▶ **Work item**
Begin at the line below that holds "Gravitar: Recharged" and end at the line that holds "Biden and Kamala", transcribing each line exactly and skipping any picture.

▶ **Data for the task**
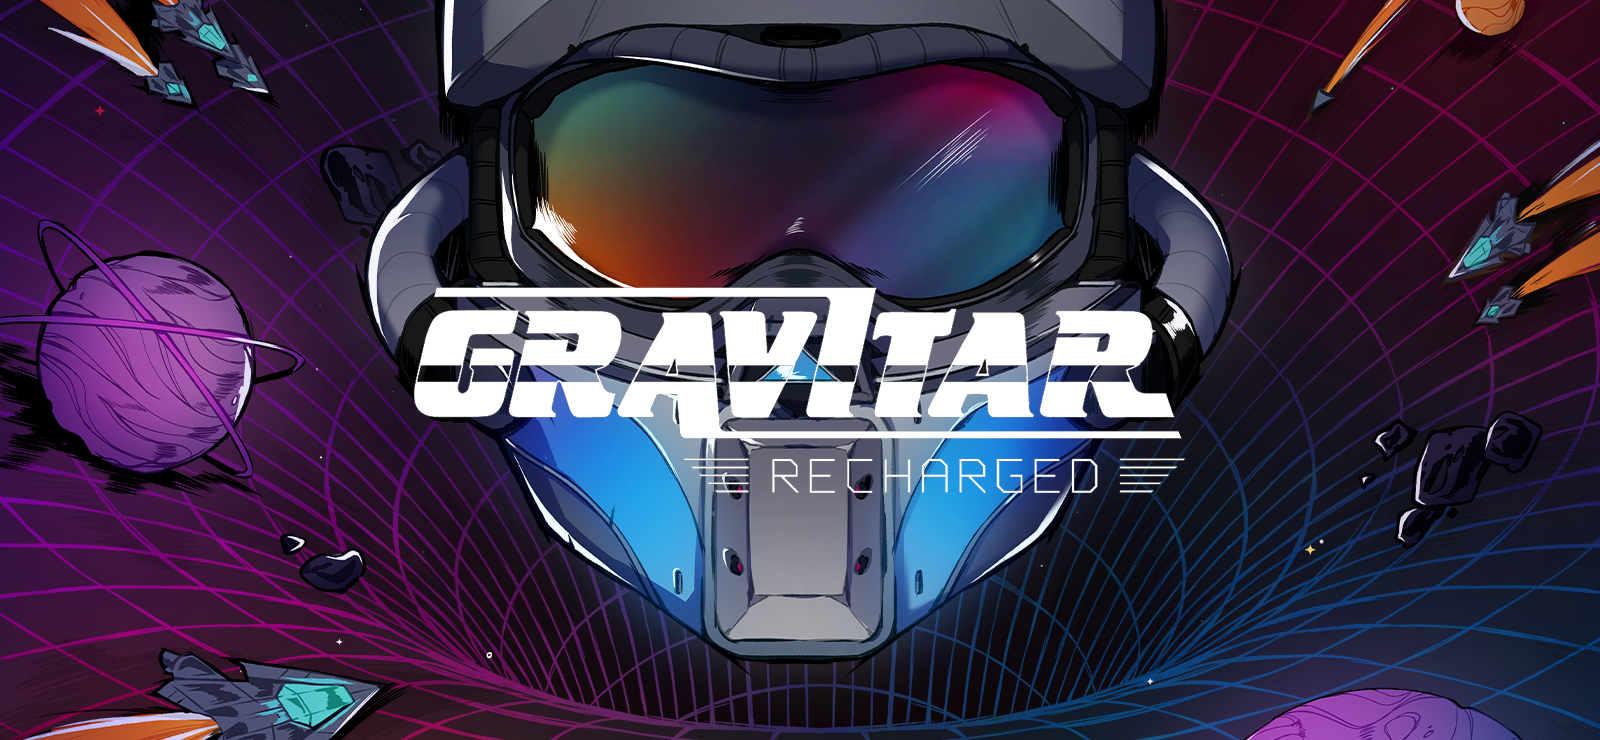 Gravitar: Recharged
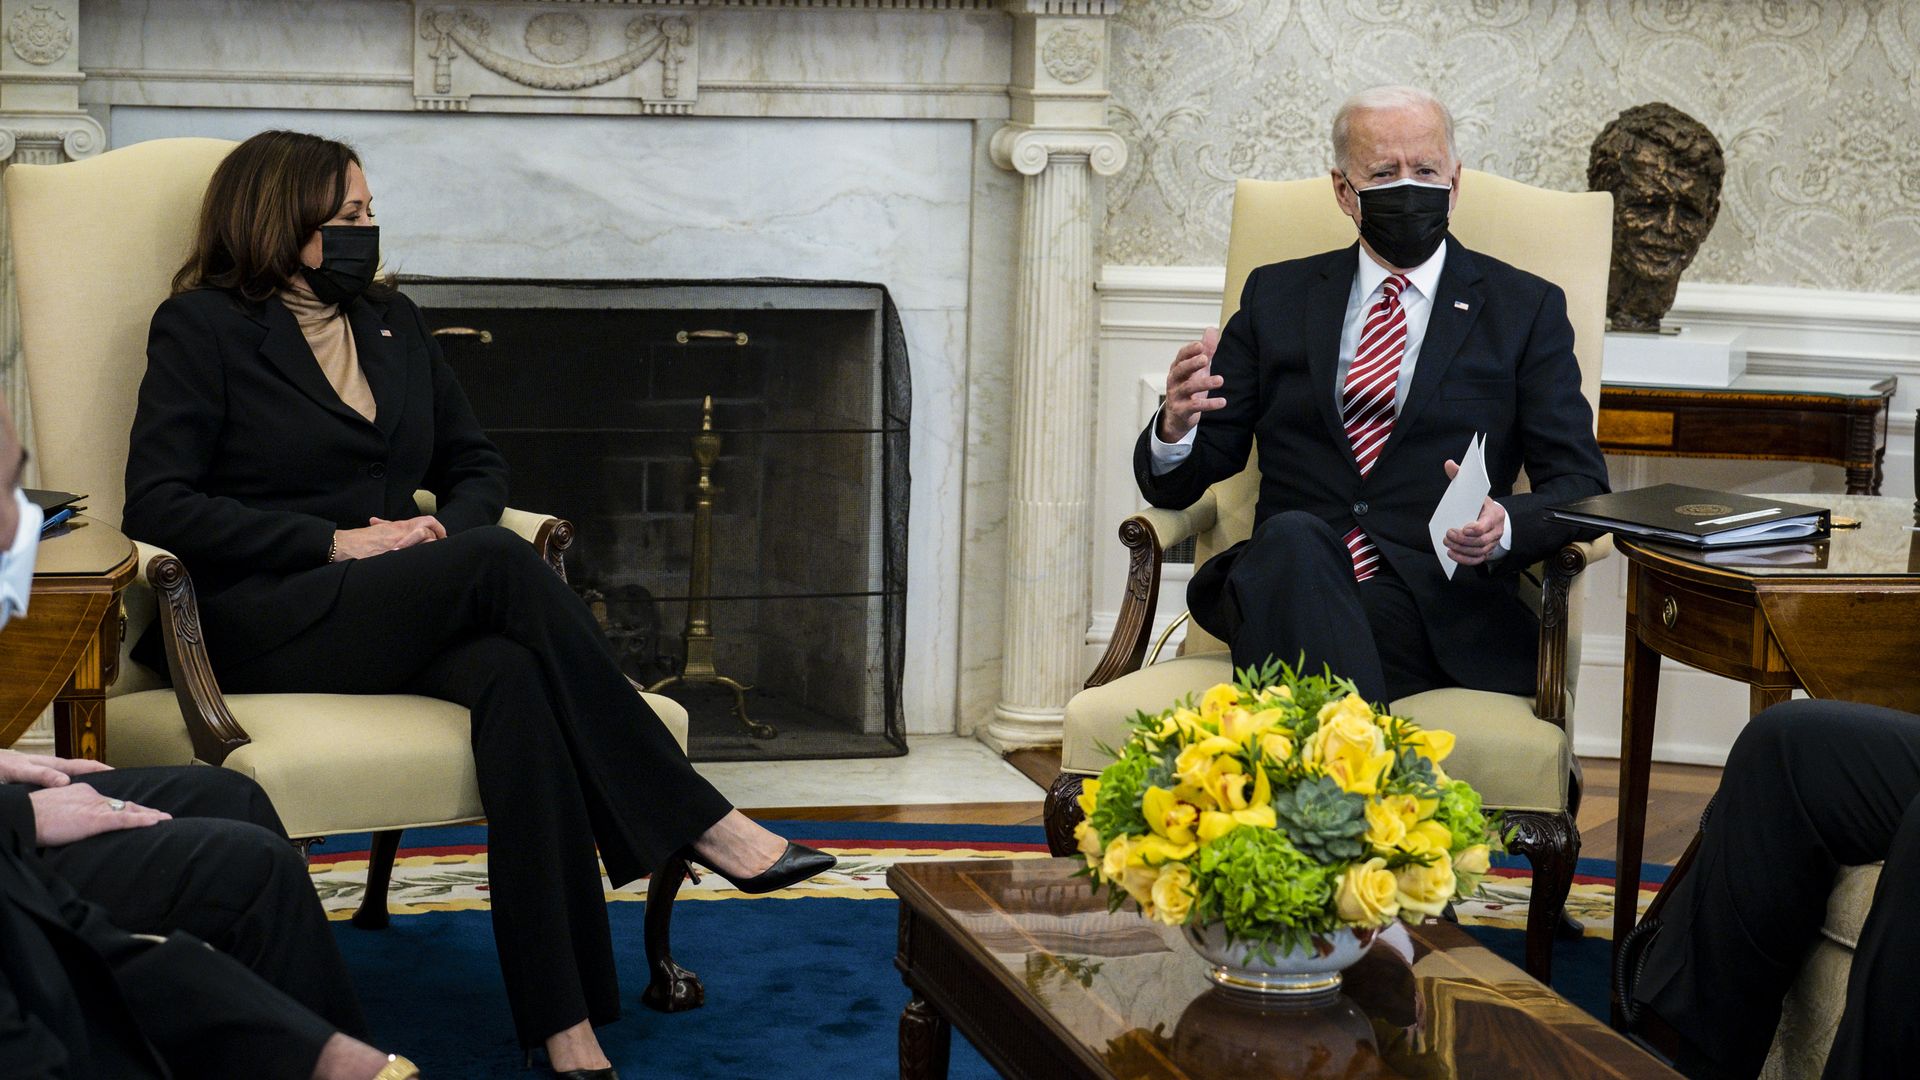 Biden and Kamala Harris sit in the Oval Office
...
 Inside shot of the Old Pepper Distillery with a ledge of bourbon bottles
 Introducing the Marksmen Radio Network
==
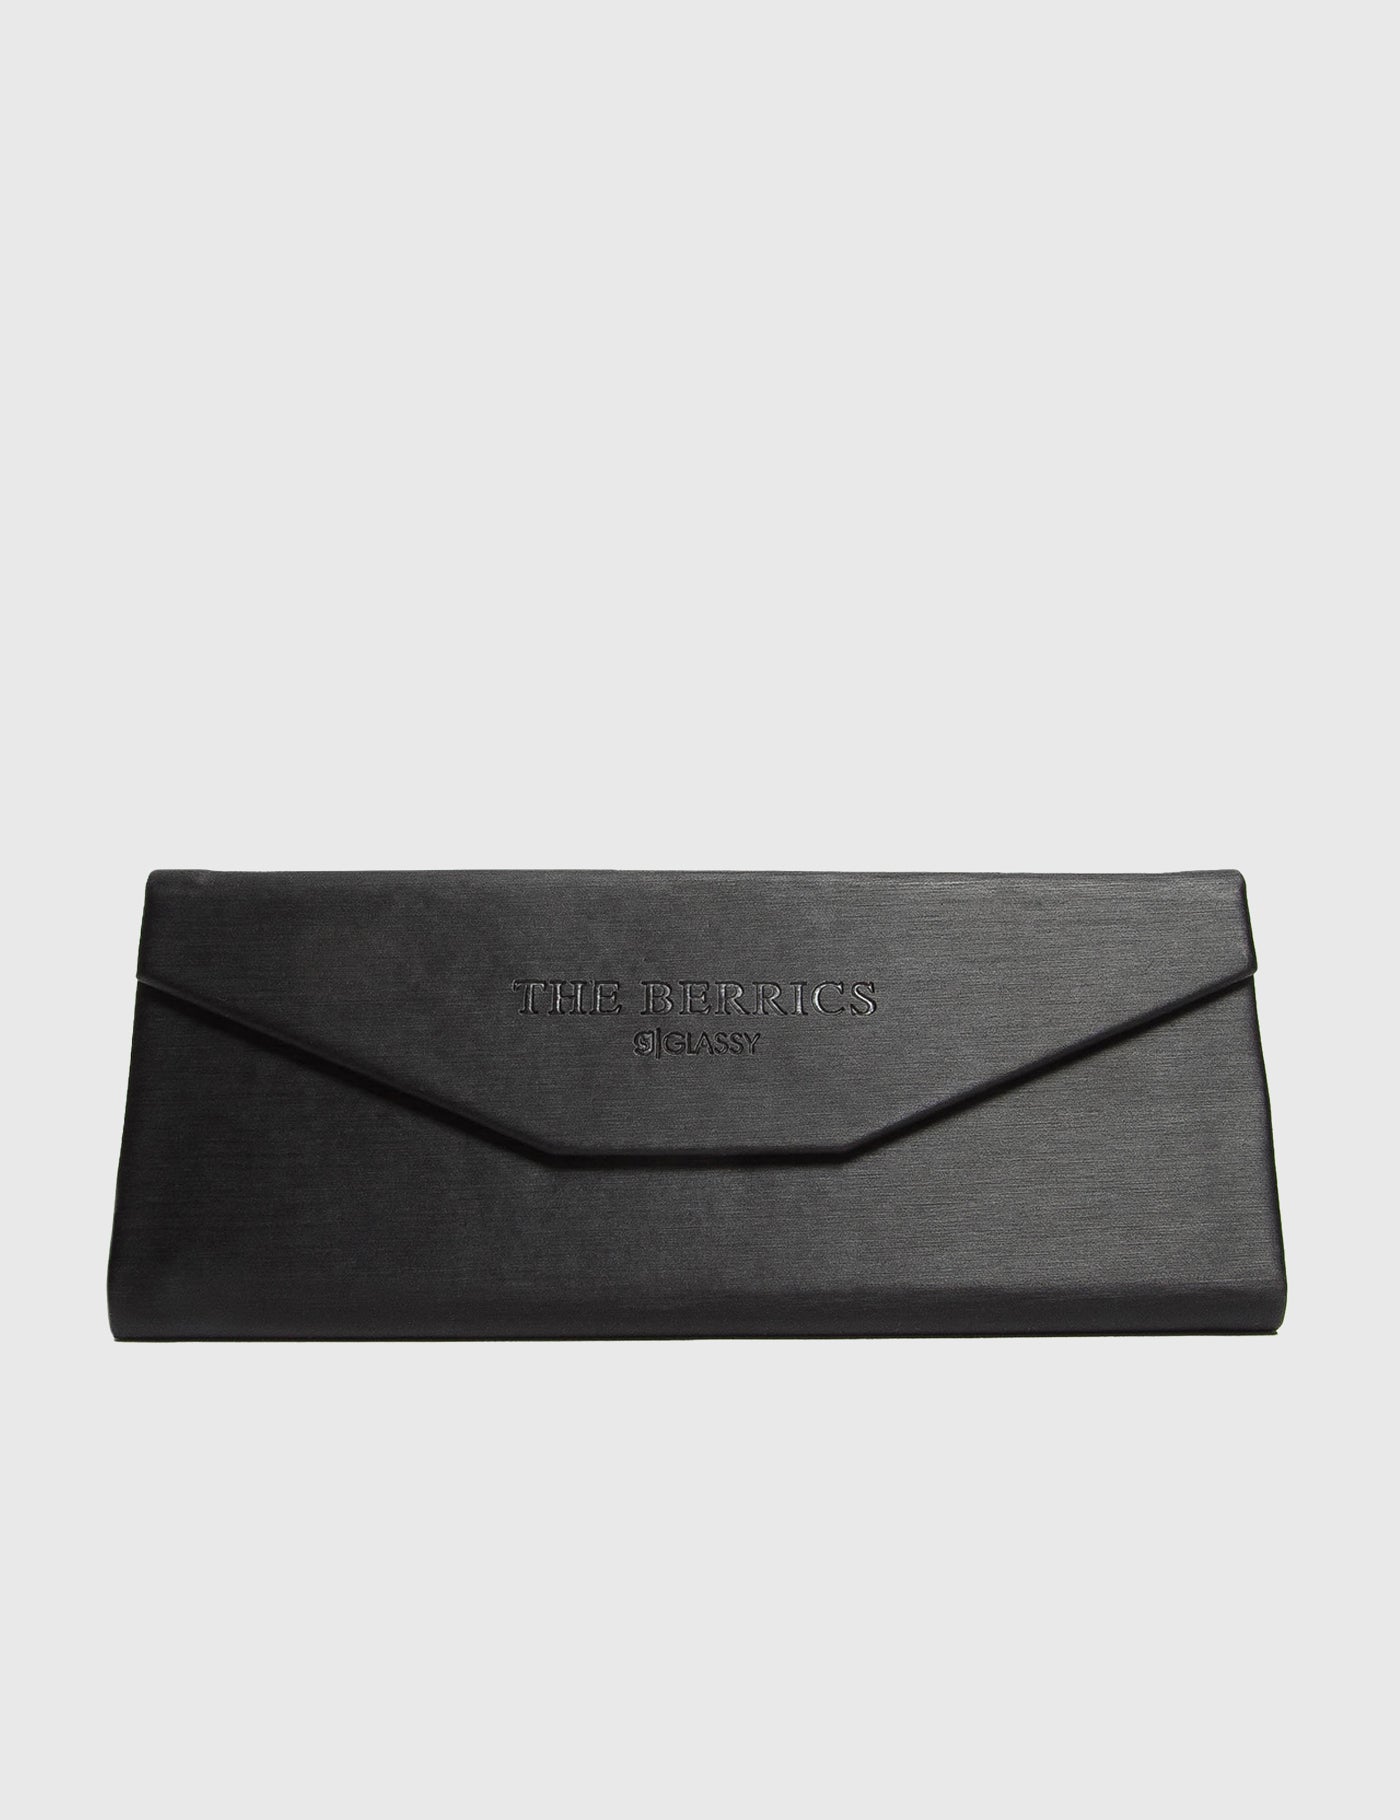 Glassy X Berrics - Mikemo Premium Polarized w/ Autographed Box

▶ **Result of the exercise**
 Gravitar: Recharged
 Biden and Kamala Harris sit in the Oval Office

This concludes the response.